Dental infection of Porphyromonas gingivalis induces progression of non-alcoholic steatohepatitis

Objective:Non-alcoholic steatohepatitis (NASH) is a major form of liver disease in metabolic syndrome patients. Recently, it is accepted that gut-derived bacterial products play a central role in NASH progression. Although an infection of Porphyromonas.gingivalis (P.g.), an important periodontal pathogens, has been found to be systemic diseases such as cardiovascular disease and diabetes mellitus, the relationship between P.g. and NASH is still uncertain. In the present study, we investigated effects of dental infection with P.g. on progression of NASH. Method:Twelve C57BL/6J mice (5 weeks-old) were fed with high fat diet (HF) to evoke steatosis. Another 12 mice fed with normal diet (ND) were used as control.

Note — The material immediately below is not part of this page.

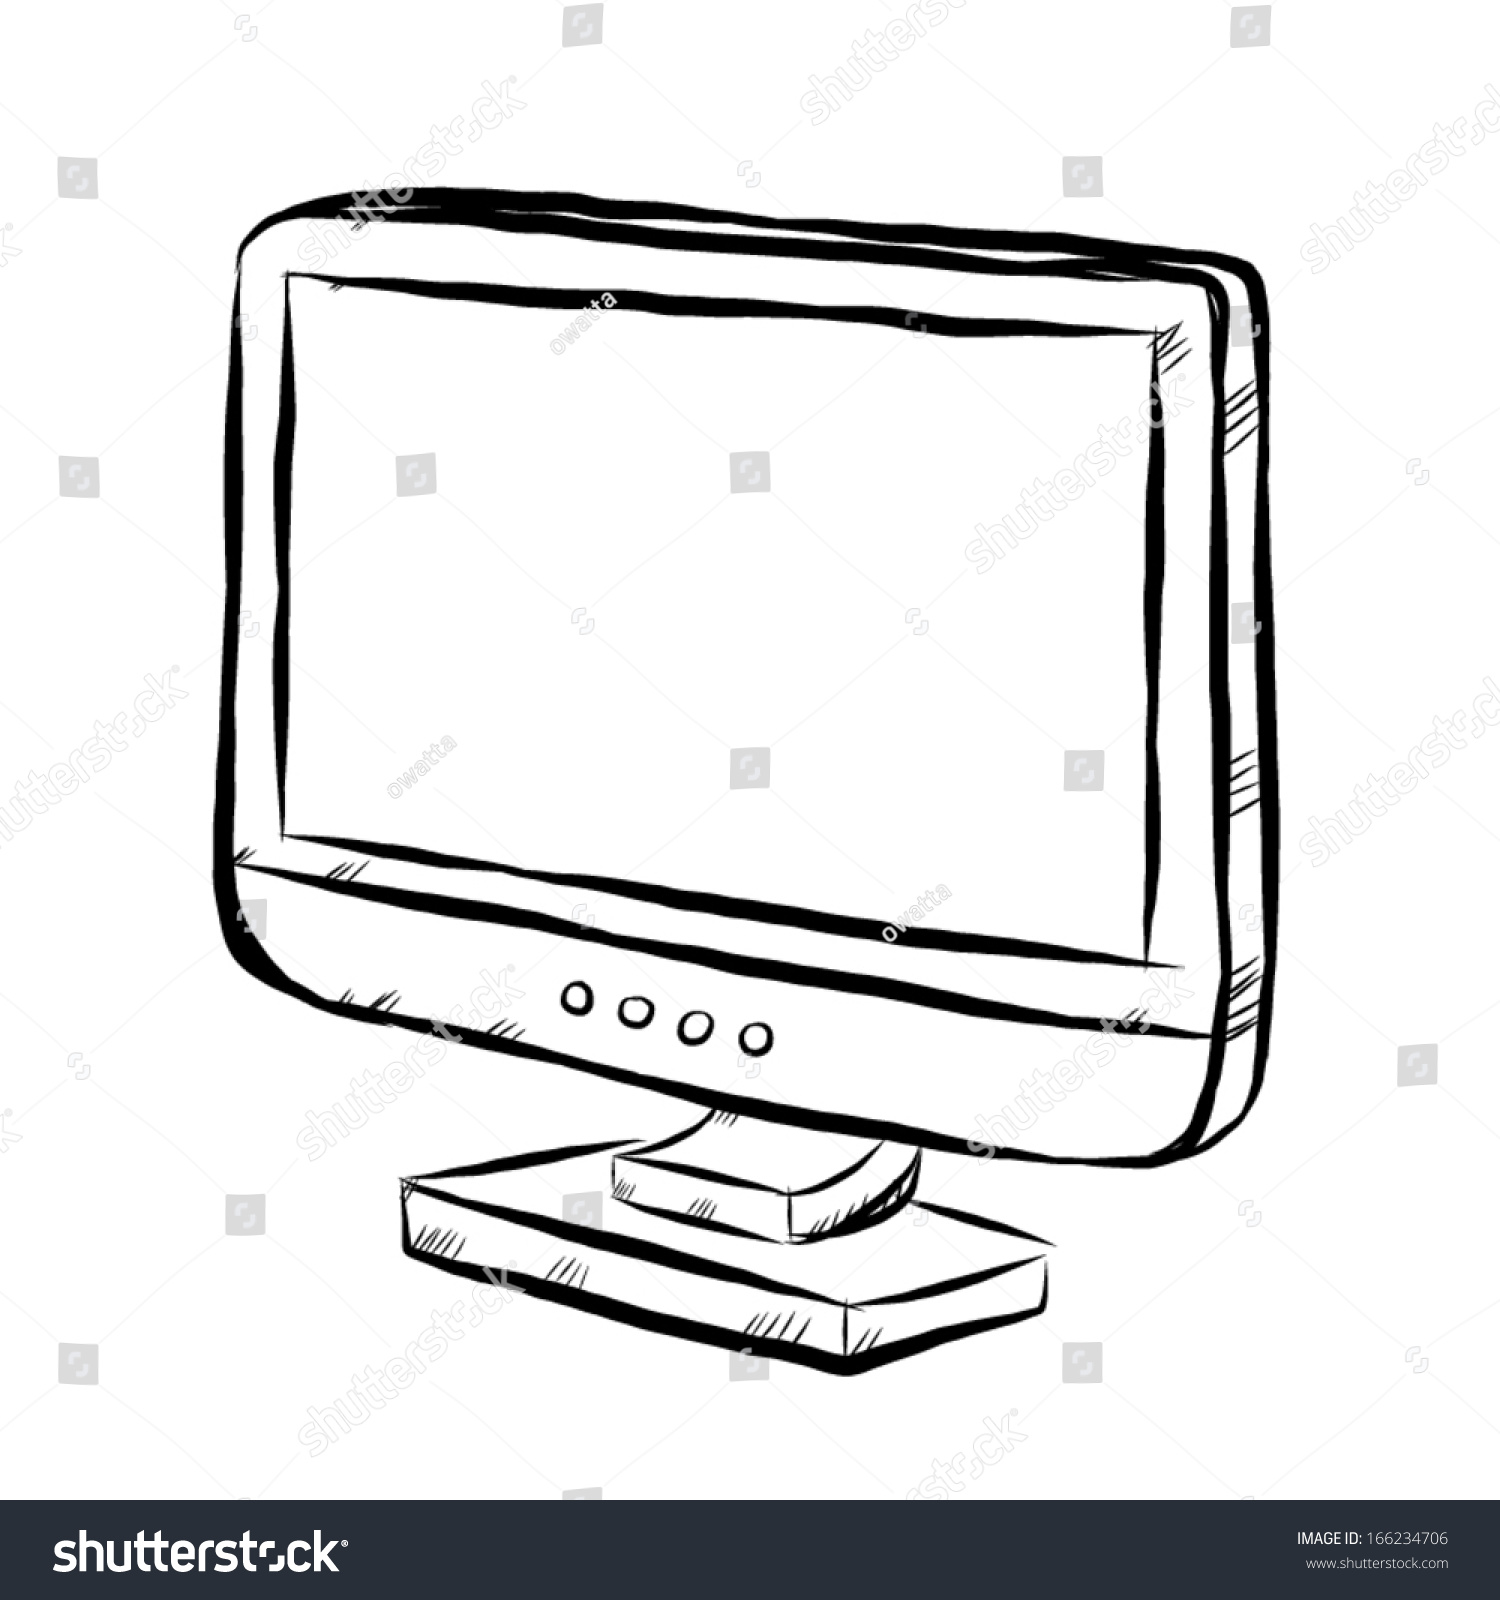 Flat Tv Computer Monitor Cartoon Vector Stock Vector Royalty Free
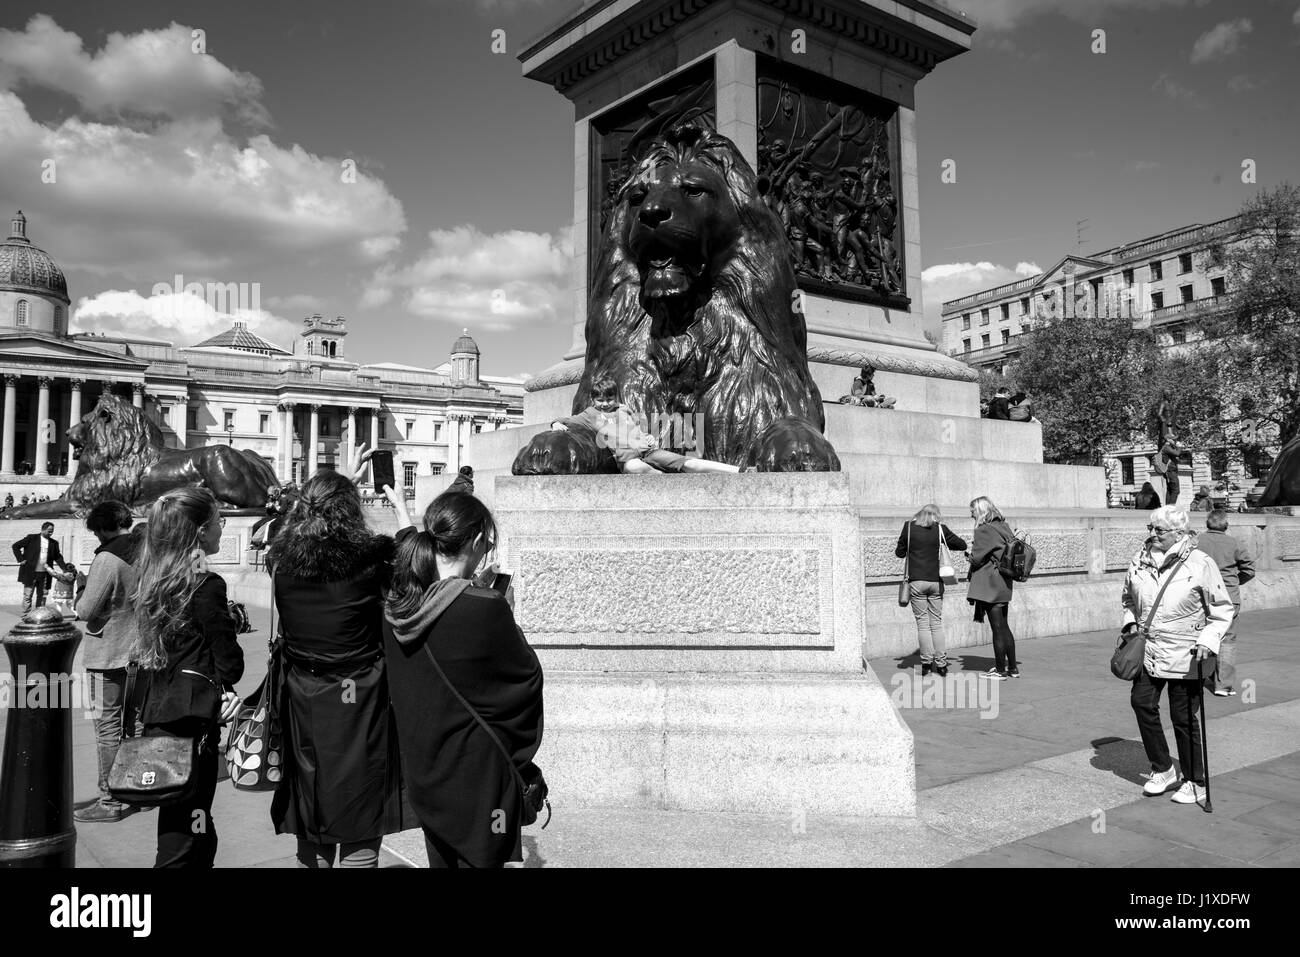 A Spring day in Trafalgar Square, London, England, United Kingdom Stock Photo

After 12 weeks, P. g. was infected in coronal pulp of upper first molar of 6 animals in each group (P.g.+HF and P.g.+ND). Result: After 6 weeks, periapical granuloma was developed and serum concentration of LPS was raised in P.g.+HF and P.g.+ND groups. In the liver of HF groups, prominent accumulation of lipid droplets occurred. Although the foci of macrophages were observed in both P.g+ND and P.g.-HF, number of the foci markedly increased in P.g.+HF. Interestingly, area of fibrosis only existed in P.g.+HF. Immunohistochemical staining showed numerous positive reaction to P.g. in pulp and macrophages and neutrophils in periapical granuloma. In the liver tissue, immunolocalization of P.g. was detected not only in Kupffer cells but also in hepatocytes and endothelial cells. In vitro studies using a human hepatocyte cell line showed that palminate-pretreatment remarkably upregulated P.g.-LPS induced mRNA levels for inflamazome like NLRP3 and caspase-1 and proinflammatory cytokines like IL-1b, IL-6, and TNF-á. Conclusion:These results indicate that the dental infection of P.g. can caused liver injury though the upregulation of cytokine production. We suggest that P.g. may play an important role in pathogenic mechanism of NASH progression.